Он был не похож на нас, рыцарей тану, не был похож на Алутейна и многих других достойных. Куллукету было дано изведать, где истина, но он всегда держался от нее подальше. Он высмеивал всякое правдивое, незамутненное выгодой слово, чужие заботы его не касались, он мечтал о смерти и боялся ее и в конце концов решил, что именно ему выпало олицетворить ее в нашем полуденном мире. Куллукет осужден за гордыню».
«Его осуждение ныне — это мольбы о помощи».
«Я скорблю о моем бедном брате, но оживлять его? Это безумие!»
«Я же скорблю о Фелиции. Ее не возродить, если не вернуть к жизни Куллукета».
«Одного поля ягоды. Нам более пристало помолиться о них, а потом спеть погребальную песню».
«Нет, я должна что-то сделать. Я не могу оставить их в беде».
В сознании Элизабет беда всплывала густо-черным, вызывающим отвращение мазком. Бесформенное страшное пятно!
«О Боги! Я уверена, что мы допускаем ошибку».
«Сколько других страждущих, а мы почему-то решили помочь этим исчадиям ада… Вот почему ты решила вызвать комнату без дверей!»
«Да, комната настроена на зов моего сознания. Так поступила Бреда перед смертью. Однажды запрограммированная на волны, излучаемые мною, комната будет служить только мне. Ни Эйкену, ни Марку никогда не добраться до нее, понимаешь! Никто без моего ведома не сможет проникнуть в комнату, где в зародыше хранится будущая Двойственная Реальность. Никто! Под страхом смерти! Я спрячу в этом темном таинственном святилище останки Фелиции и Куллукета. Там им не будет страшен никакой огонь».
«Надолго?»
«Бог знает».
«Они там будут в безопасности?»
«Нет ни материальной, ни духовной силы, способной пробить брешь в этих стенах. Комната наделена несокрушимой прочностью, присущей ей с момента создания, а ведь ее возраст исчисляется возрастом Земли. Она рождена в другой галактике. Это чудо сотворили твои предки, Минанан, много миллиардов лет тому назад».
«Значит, так называемая Двойственная Реальность способна защитить любого, кто окажется в ее стенах?»
«Не совсем так».
«?»
«Ты забываешь, что находящиеся внутри нее существа всегда вольны выйти оттуда».
«Но — как? Такого не может быть! Хотя раз ты утверждаешь, значит, так и есть. Комната без дверей к тому же способна вылечить их. Вот в этом ты, возможно, ошибаешься.

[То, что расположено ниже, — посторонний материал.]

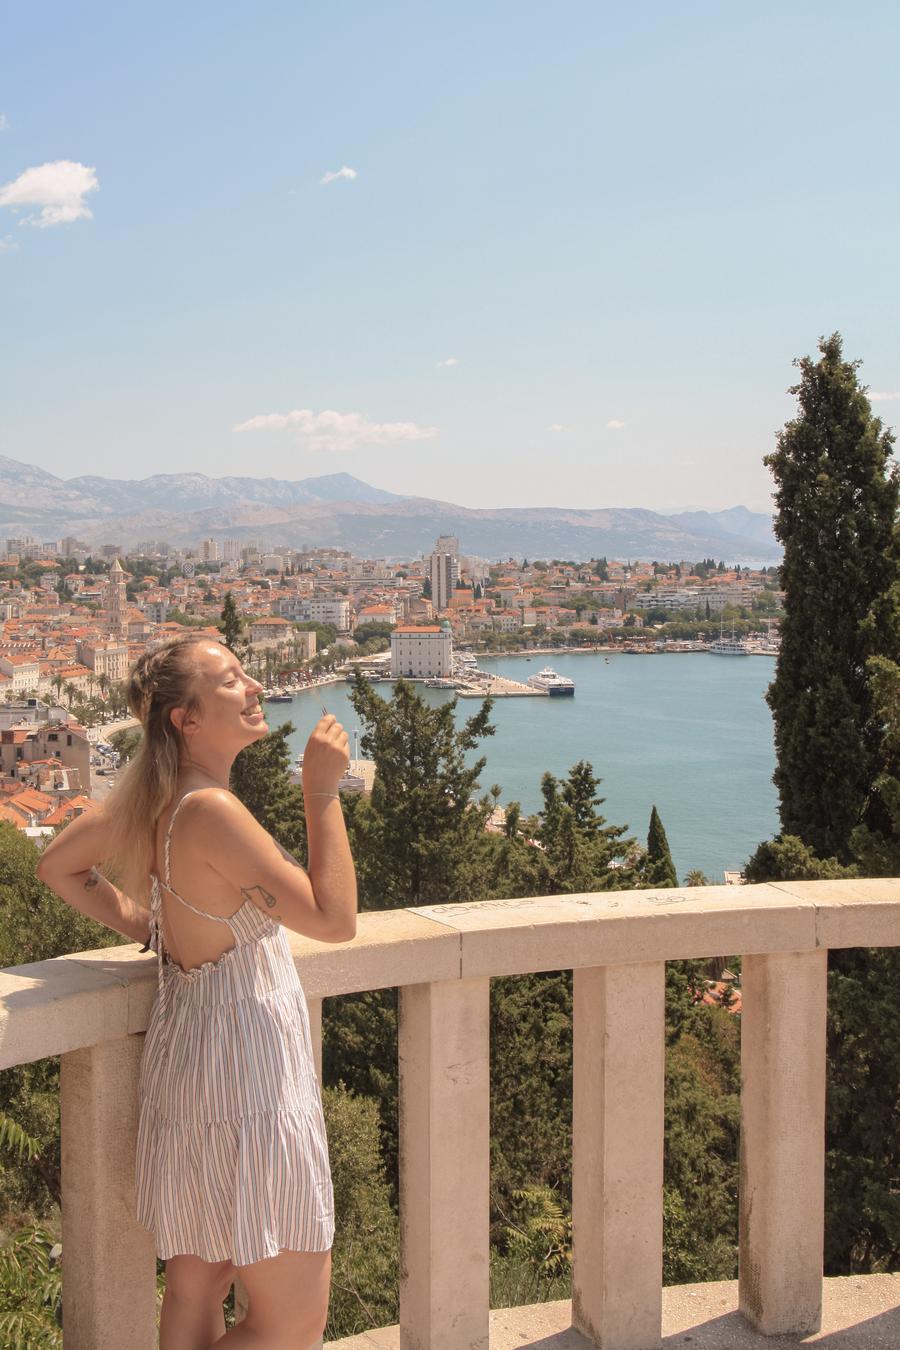 Photo of Ines Andric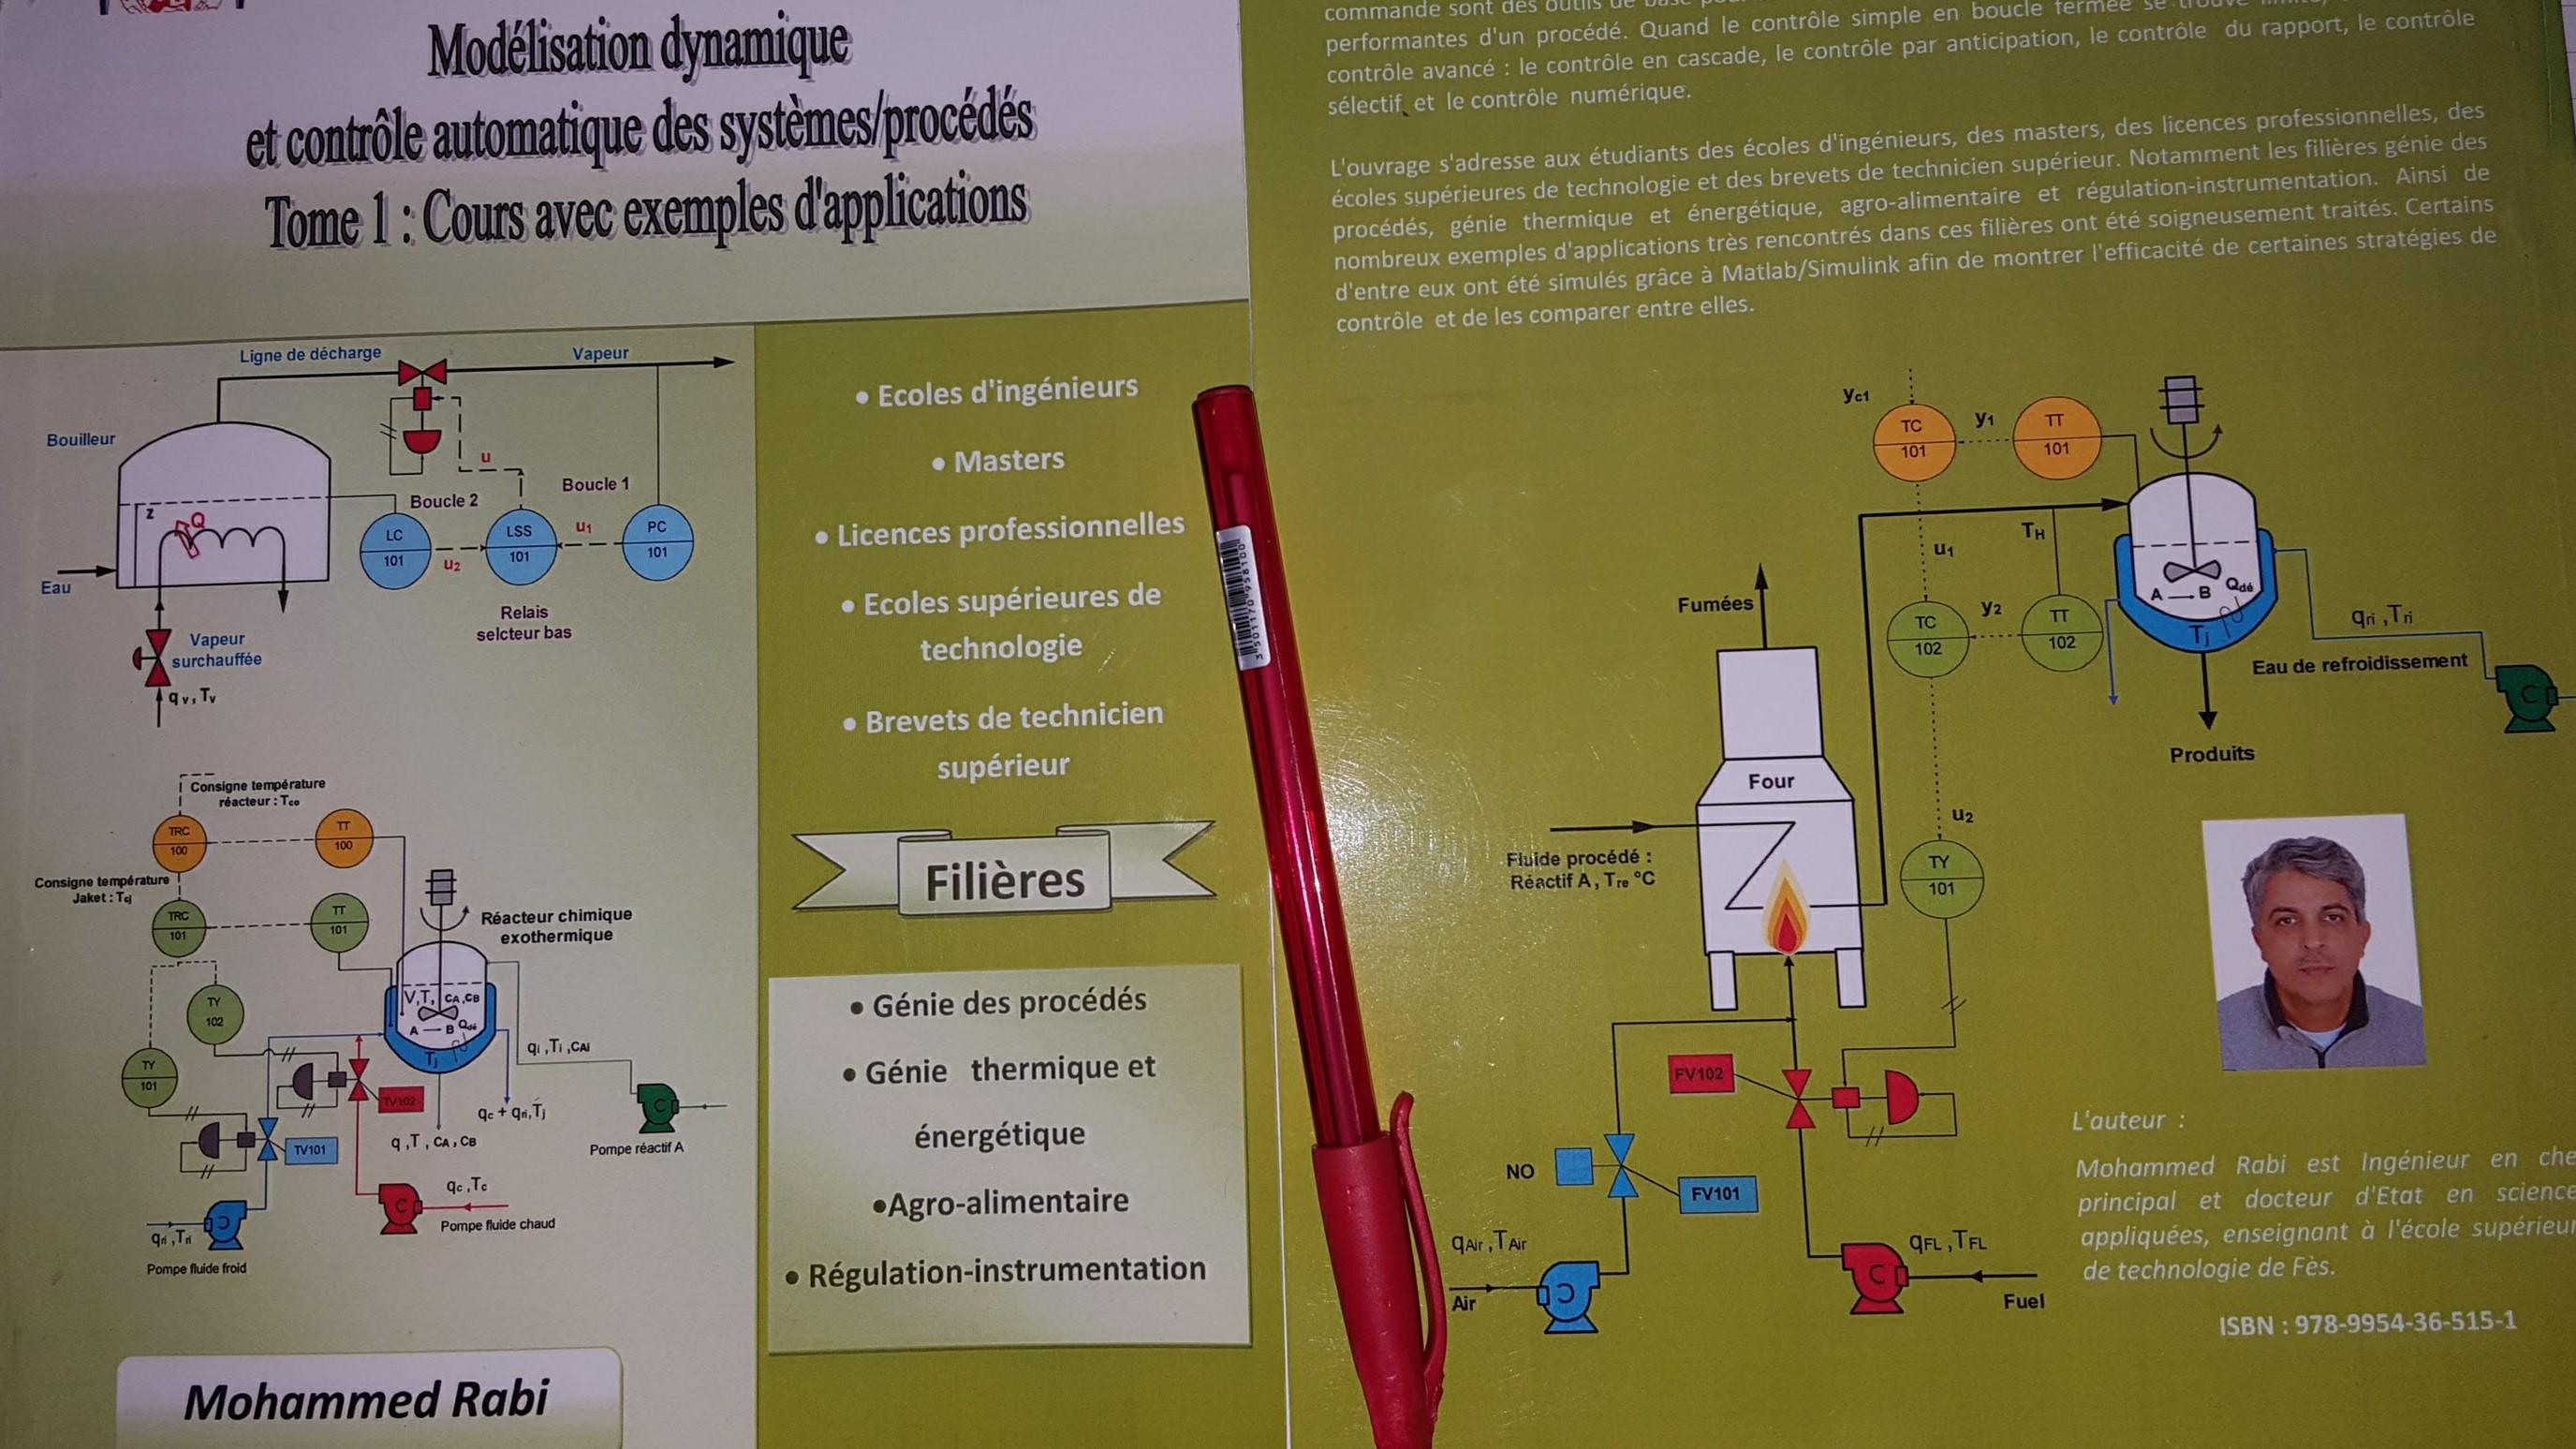 Modélisation dynamique et contrôle automatique des systèmes/procédés Filière AGB

Возродить-то она их, может, и возродит, только кого?»
«Но они же взывают о помощи!»
«Если ты их спасешь, мы постоянно будем находиться под угрозой».
«Послушай, мой друг. Великодушие и миролюбие не такие глупые вещи, какими кажутся. Я душой чувствую — хотя, может, мои ощущения навеяны мыслями Супруги Корабля, — что Многоцветную Землю спасет только душевная и духовная щедрость. Проще говоря — Добро».
«Подобные взгляды слишком опасны».
«Но в этом у меня нет сомнений».
«…Если ты оставишь здесь комнату, ты лишишься последней защиты. Любой негодяй сможет захватить тебя в плен. Черная Скала — ненадежное убежище».
«Хватит, Минанан. Лучше помоги мне. Воспользуйся своей психокинетической силой, вложи ее в меня. Я на мгновение постараюсь освободить Двойственную Реальность, помещу их внутрь, а ты воздвигни на этом месте гору. Пусть она будет служить ли надгробным памятником. Нам еще надо помочь Эйкену».
«Вылечив их, ты разбудишь жажду мести. Да и не рожденный королем тоже начнет строить заговоры».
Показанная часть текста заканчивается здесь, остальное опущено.